**DATASET EXTRACT:**
---+---
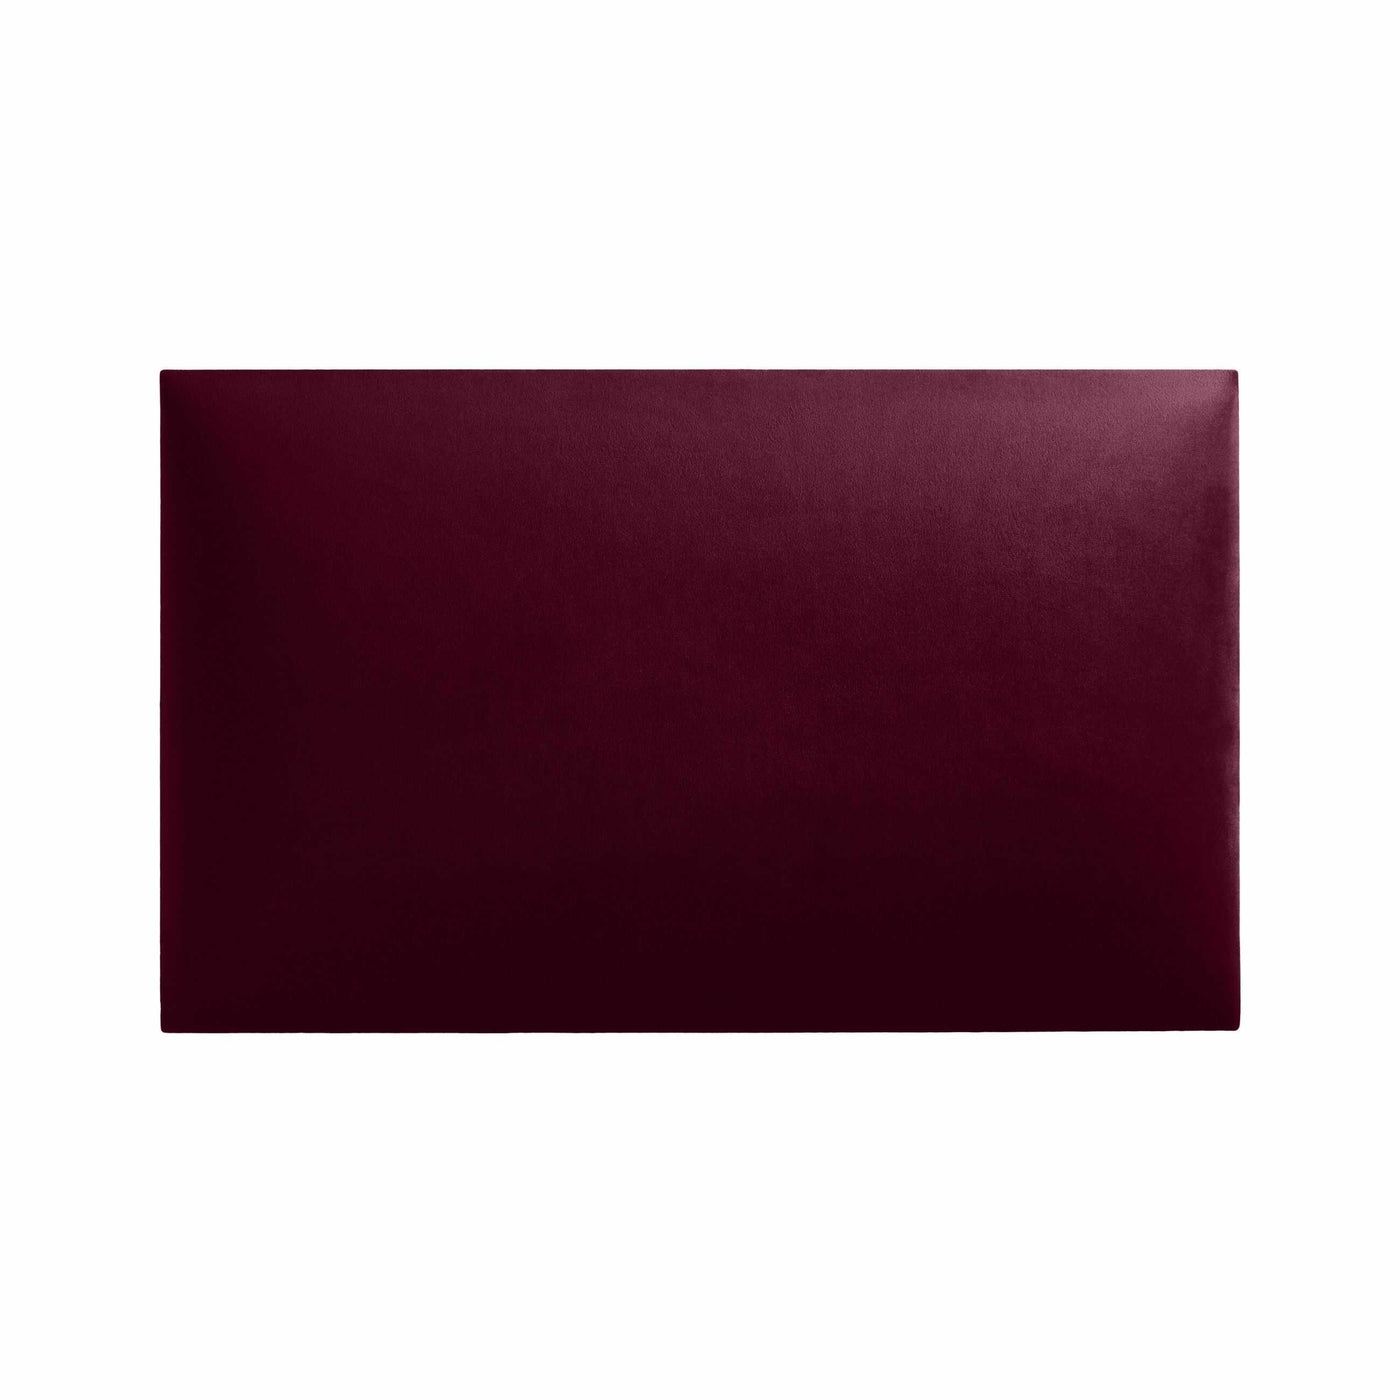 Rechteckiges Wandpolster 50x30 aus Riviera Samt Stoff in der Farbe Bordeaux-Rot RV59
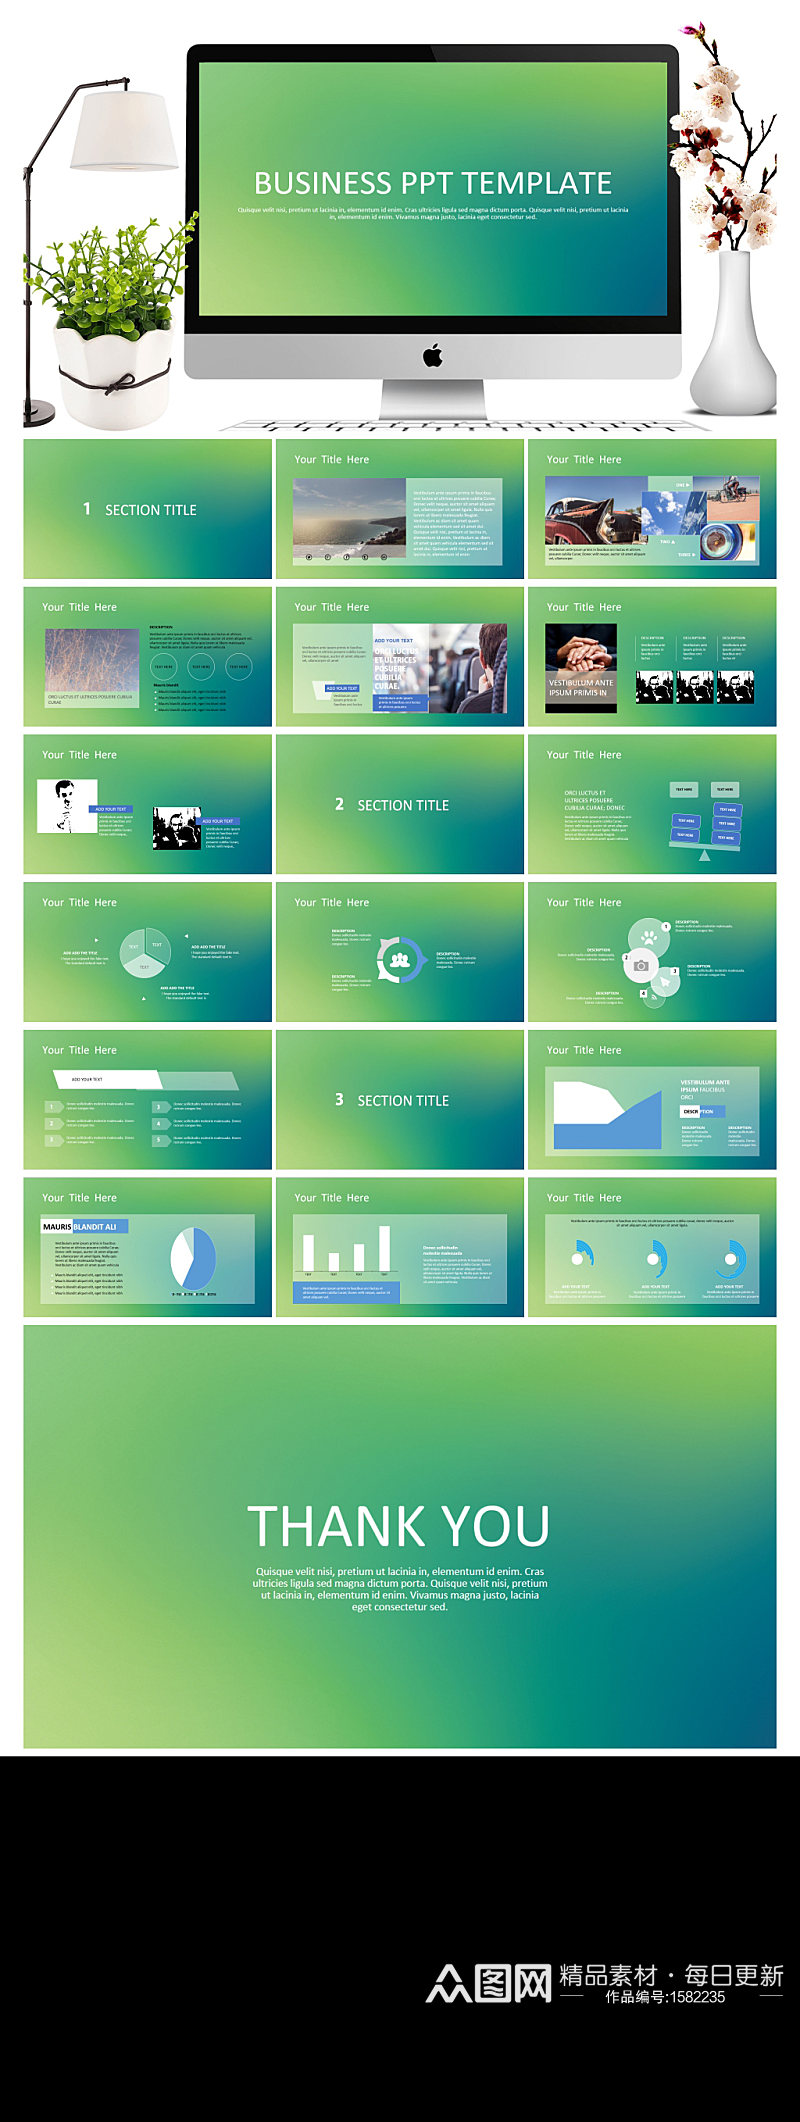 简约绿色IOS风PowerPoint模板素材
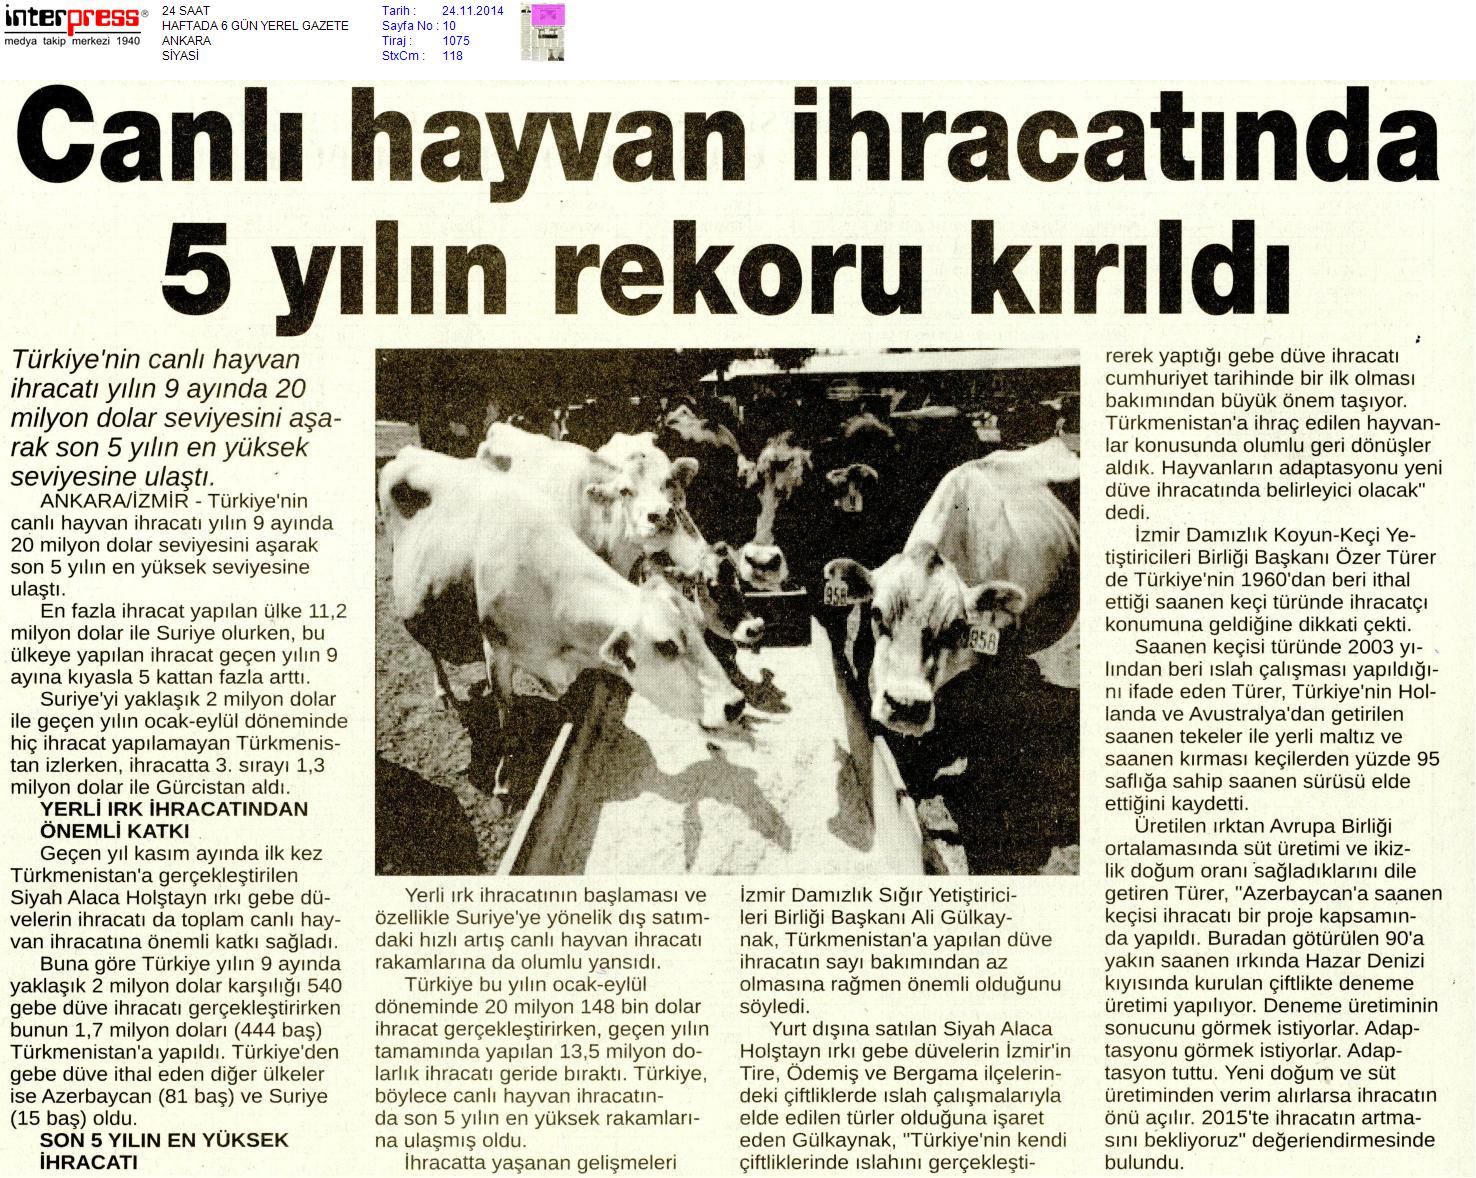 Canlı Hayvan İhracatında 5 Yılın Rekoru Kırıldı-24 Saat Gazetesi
---+---
**PROBLEM:** Give an exact copy of the listing above that leaves out every picture.

**WRITTEN SOLUTION:**
 Rechteckiges Wandpolster 50x30 aus Riviera Samt Stoff in der Farbe Bordeaux-Rot RV59
 简约绿色IOS风PowerPoint模板素材
 Canlı Hayvan İhracatında 5 Yılın Rekoru Kırıldı-24 Saat Gazetesi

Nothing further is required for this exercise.